Neue Technologien: Klonen am Menschen
Wissenschaft im Wilden Westen
Angelika Willig

Nach dem Italiener Severino Antinori im letzten Herbst kündigt nun der griechische Wissenschaftler Panayotis Zavos den Menschen-Klon für Ende des Jahres an. Beide arbeiten in derselben Forschergruppe, auf die der weltweite Protest sich stürzt. Da das reproduktive Klonen in allen Ländern mit entsprechender Infrastruktur streng verboten ist, hatte Antinori schon daran gedacht, seine Forschung aufs Meer zu verlegen nach dem Vorbild der „Abtreibungsschiffe“ vor der irischen Küste.

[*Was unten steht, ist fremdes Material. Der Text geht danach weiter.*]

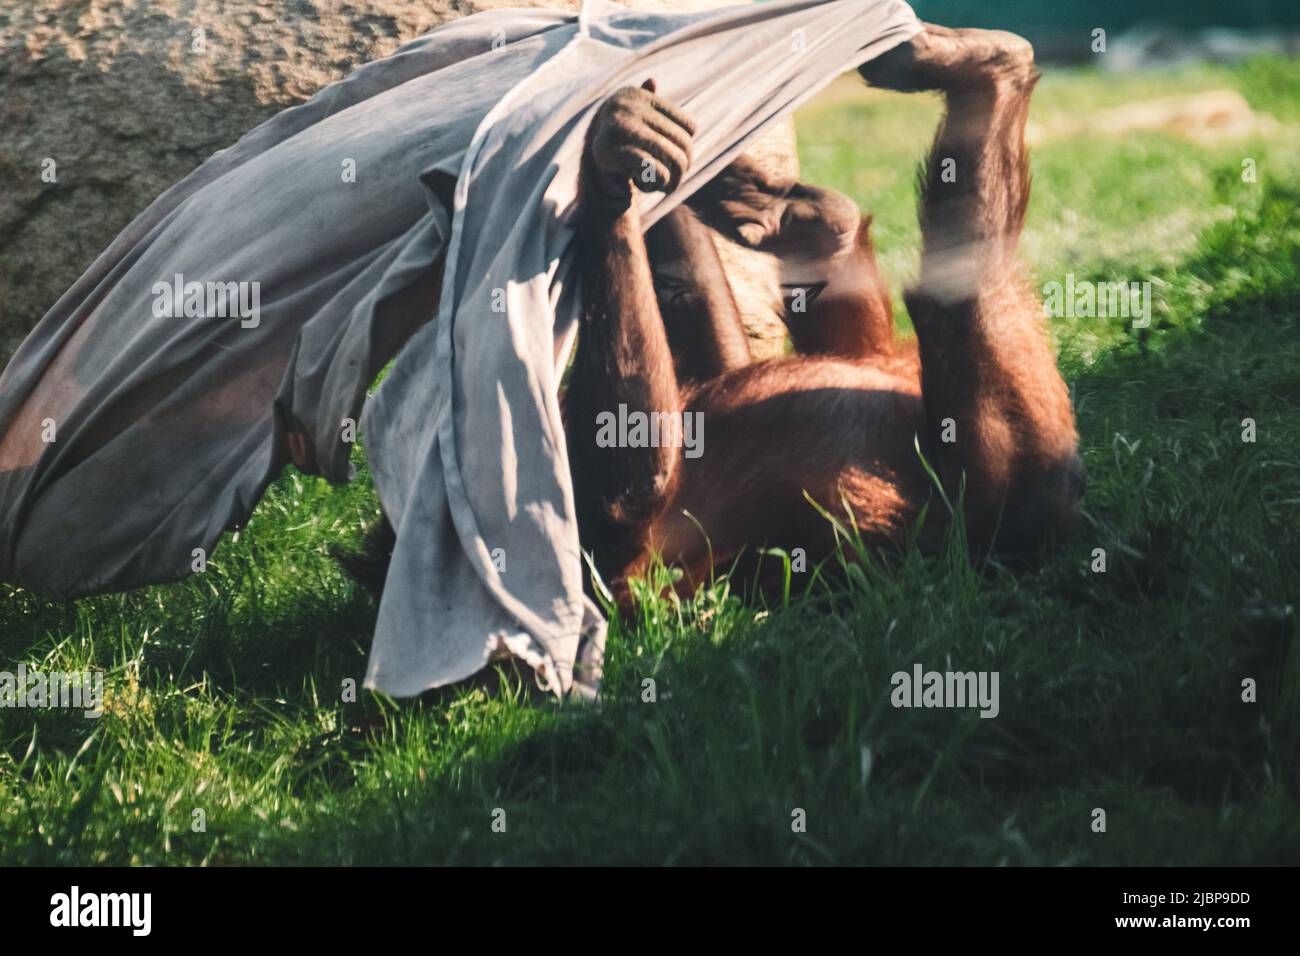 Enfant orang-outan jouant avec du tissu sur l'herbe verte dans le zoo. Singes animaux, plus grand mammifère arboricole à fourrure rouge Banque D'Images

Doch warum soll man eigentlich keine Menschen klonen? Weil es (noch) nicht klappen wird. Zavos ist ein gelernter Tierarzt und wissenschaftlich keineswegs Spitzenklasse. Er gibt sich ehrgeizigen Träumen hin, die wenig Hand und Fuß haben - wobei der Ausdruck wörtlich verstanden werden kann. An der Universität Texas hat man indessen einen eher unspektakulären Schritt nach vorn gemacht. Gerade ist dort die erste Hauskatze erfolgreich dupliziert worden. Schon gehen Anfragen von Katzenbesitzern aus aller Welt ein. Doch der Aufwand verschlingt immer noch Zehntausende. Dabei klingt das Verfahren einfach: Aus einer beliebigen Körperzelle wird der Zellkern mit der gesamten Erbinformation entnommen und in eine vom eigenen Kern befreite Keimzelle eingesetzt. Diese kommt wie bei einer normalen künstlichen Befruchtung in die Gebärmutter. Es ist wie eine Paarung mit sich selbst - ein sehr zeitgemäßes Verfahren. In der Praxis treten dabei eine Menge Pannen auf. Für die Copy-Cat, wie die Forscher sie tauften, sind 87 Embryonen in acht Katzenmütter verpflanzt worden, nur das eine Exemplar überlebte. Daß man das mit Menschen nicht machen kann, liegt auf der Hand. Wenn Zavos hier von „Problemen“ spricht, die sich „nicht vermeiden“ ließen, ist nicht nur sein Moralempfinden, sondern auch die Ekelgrenze verschoben. Auch nach dem Klonen scheinen sich gesundheitliche Risiken zu ergeben. Schaf Dolly wird in diesen Tagen fünf Jahre alt und leidet bereits unter Arthritis. Keine gute Reklame.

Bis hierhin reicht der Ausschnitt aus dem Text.